Oh! Perfect, this is exactly what we were looking for as a diner tonight.


27 Marla January 16, 2016 at 4:14 pm

I made this soup for lunch last week and it was fantastic! It was flavorful, hearty, and satisfying. I used a spicy curry blend rather than the recommended mild curry and loved the depth of flavor. Great recipe!


28 SuzanneH February 15, 2016 at 5:24 pm

This soup is delicious. Unfortunately I did not have black mustard seeds or curry powder so I used fennel, cumin, and garam masala spice. All praise the pressure cooker!
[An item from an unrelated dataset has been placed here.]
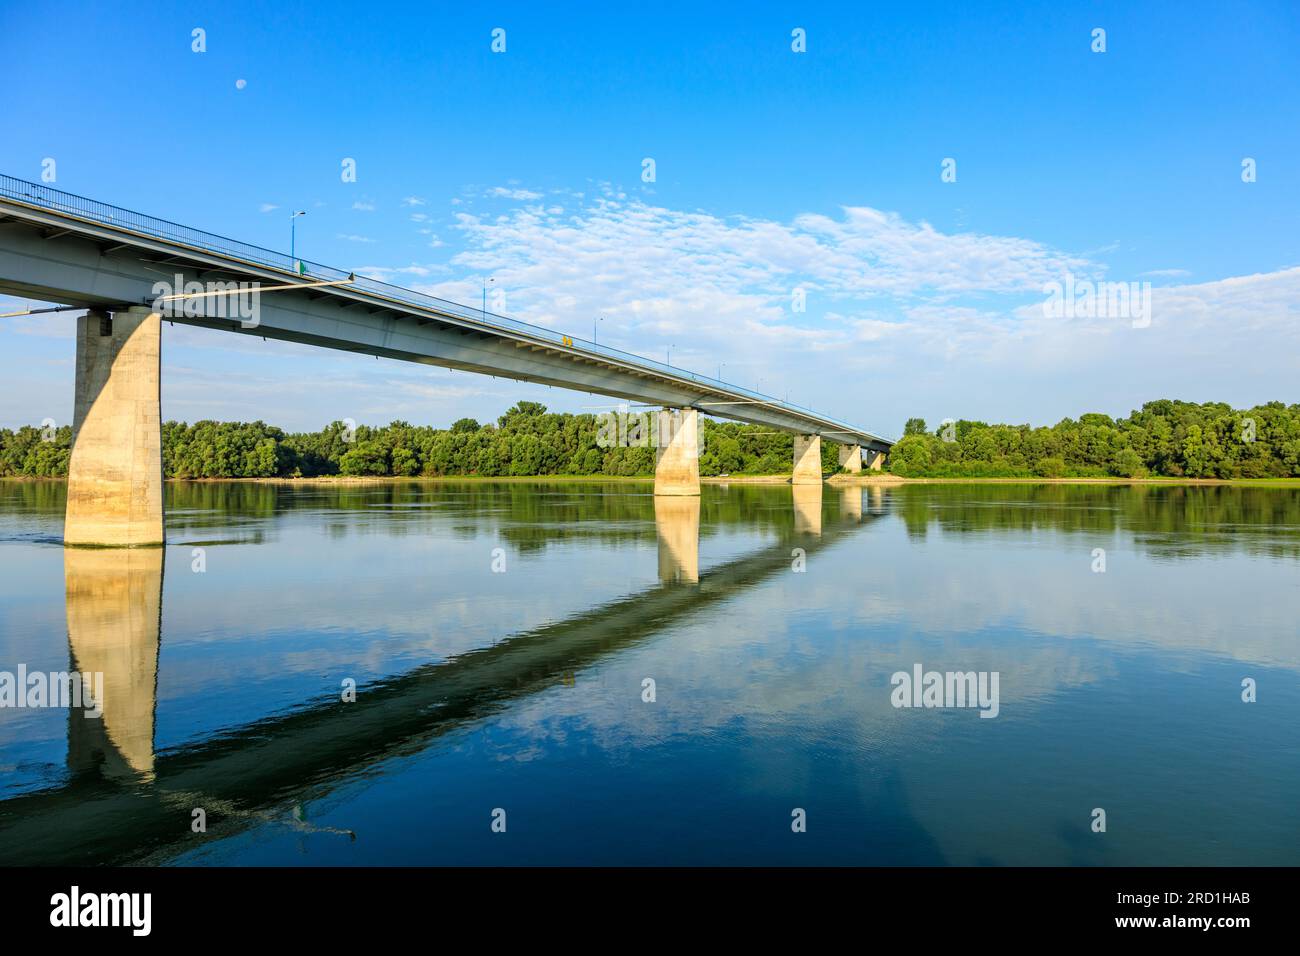 Szent-Laszlo bridge, danube bridge in southern hungary, Szekszárd, early in the morning, blue sky, trees, Szent-Laszlo-Brücke, water, river cruise, Stock Photo

This one was done and ready to eat within 30 minutes. Love it


29 Beth September 11, 2016 at 2:25 pm

Made this today and it is so so good! Amazingly it loks to be only 3-4 points per cup!


30 Tince September 13, 2016 at 7:46 am

Susan, I really would love to make this today but I don’t have the cumin/black mustards seeds and ginger. I do have ground cumin/ginger and fennel seeds. Do you think these would change the flavor by much? Thank you!


31 Susan Voisin September 13, 2016 at 7:55 am

I think the ground cumin and ginger will probably be good, but I would just leave out the mustard seed and not replace it with fennel. Fennel will overpower and change the flavor.